The column really only has the name "Purchase Amount", and all the purchase amounts in that column. I am looking for the best way to group them together, but can't seem to figure out how to do it.
To plot a vector, v, in a way that shows some classification of the values of v into different categories. The classification derived from some algorithm must be identified to the plot method either explicitly as a separate variable (such as a vector of kmeans clusters) or implicitly provided by algorithm. For example, there's the binning performed by hist().

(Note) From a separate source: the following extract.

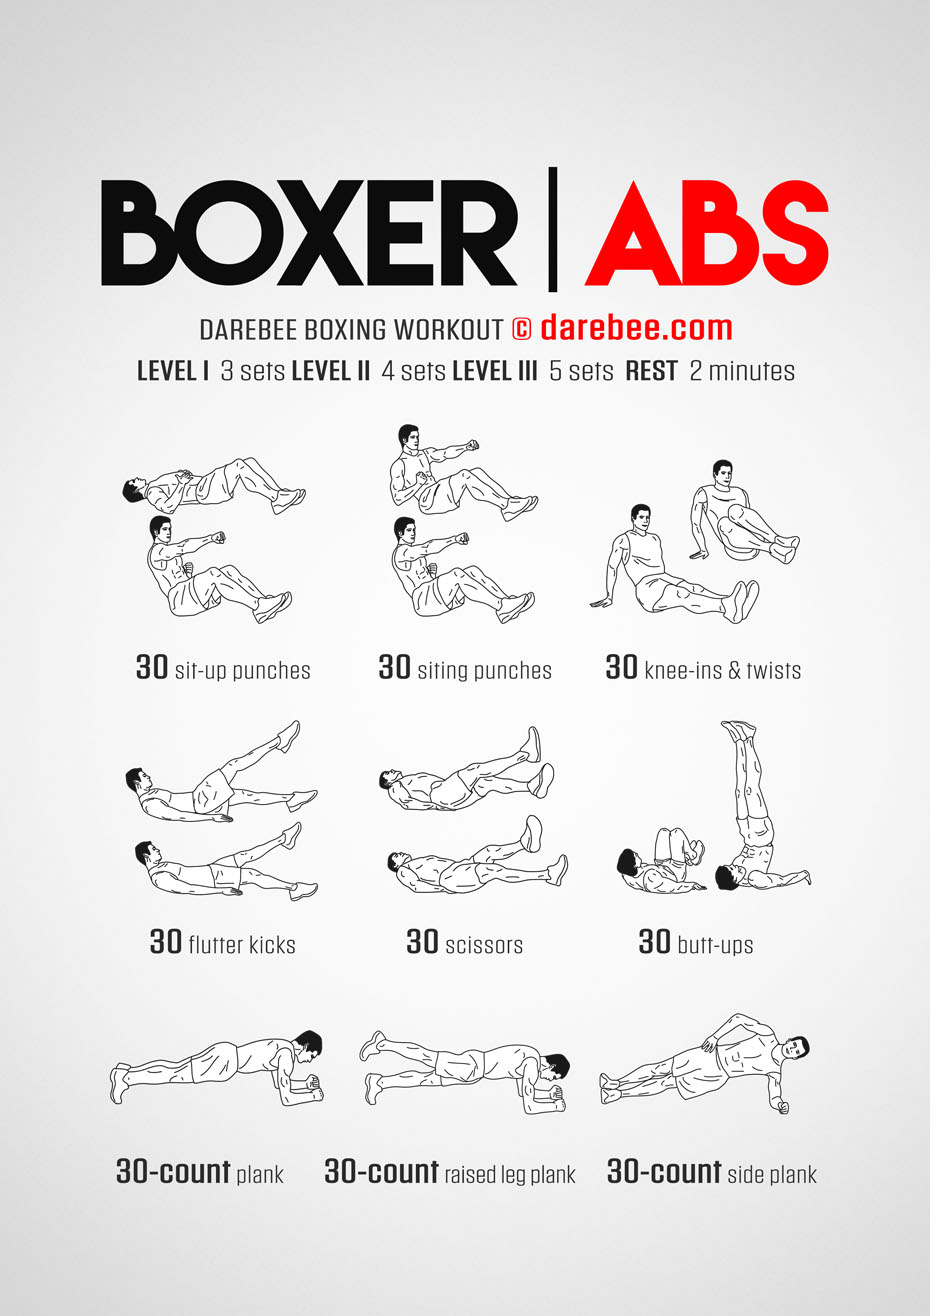 Boxing exercises

Here's an example of using kmeans clustering of a single continuous variable to create a plot of the mtcars$mpg variable according to membership in a kmeans cluster. Other interval algorithms can also be specified.
# Load required packages
library(classInt)
library(ggplot2)
# Load the mtcars dataset
data(mtcars)
# Calculate kmeans intervals
num_intervals <- 5
kmeans_intervals <- classIntervals(mtcars$mpg, num_intervals, style = "kmeans")
# Assign each mpg value to its corresponding interval
mtcars$kmeans_group <- cut(mtcars$mpg, breaks = kmeans_intervals$brks, include.lowest = TRUE, labels = FALSE)
# Create the dotplot using ggplot2
ggplot(mtcars, aes(x = factor(kmeans_group), y = mpg)) +
geom_dotplot(binaxis = "y", stackdir = "center", dotsize = 0.5) +
labs(title = "Dotplot of mtcars$mpg Divided into kmeans Intervals",
x = "kmeans Group",
y = "Miles per Gallon (mpg)") +
coord_flip() +
theme_minimal()
#> Bin width defaults to 1/30 of the range of the data. Pick better value with
#> `binwidth`.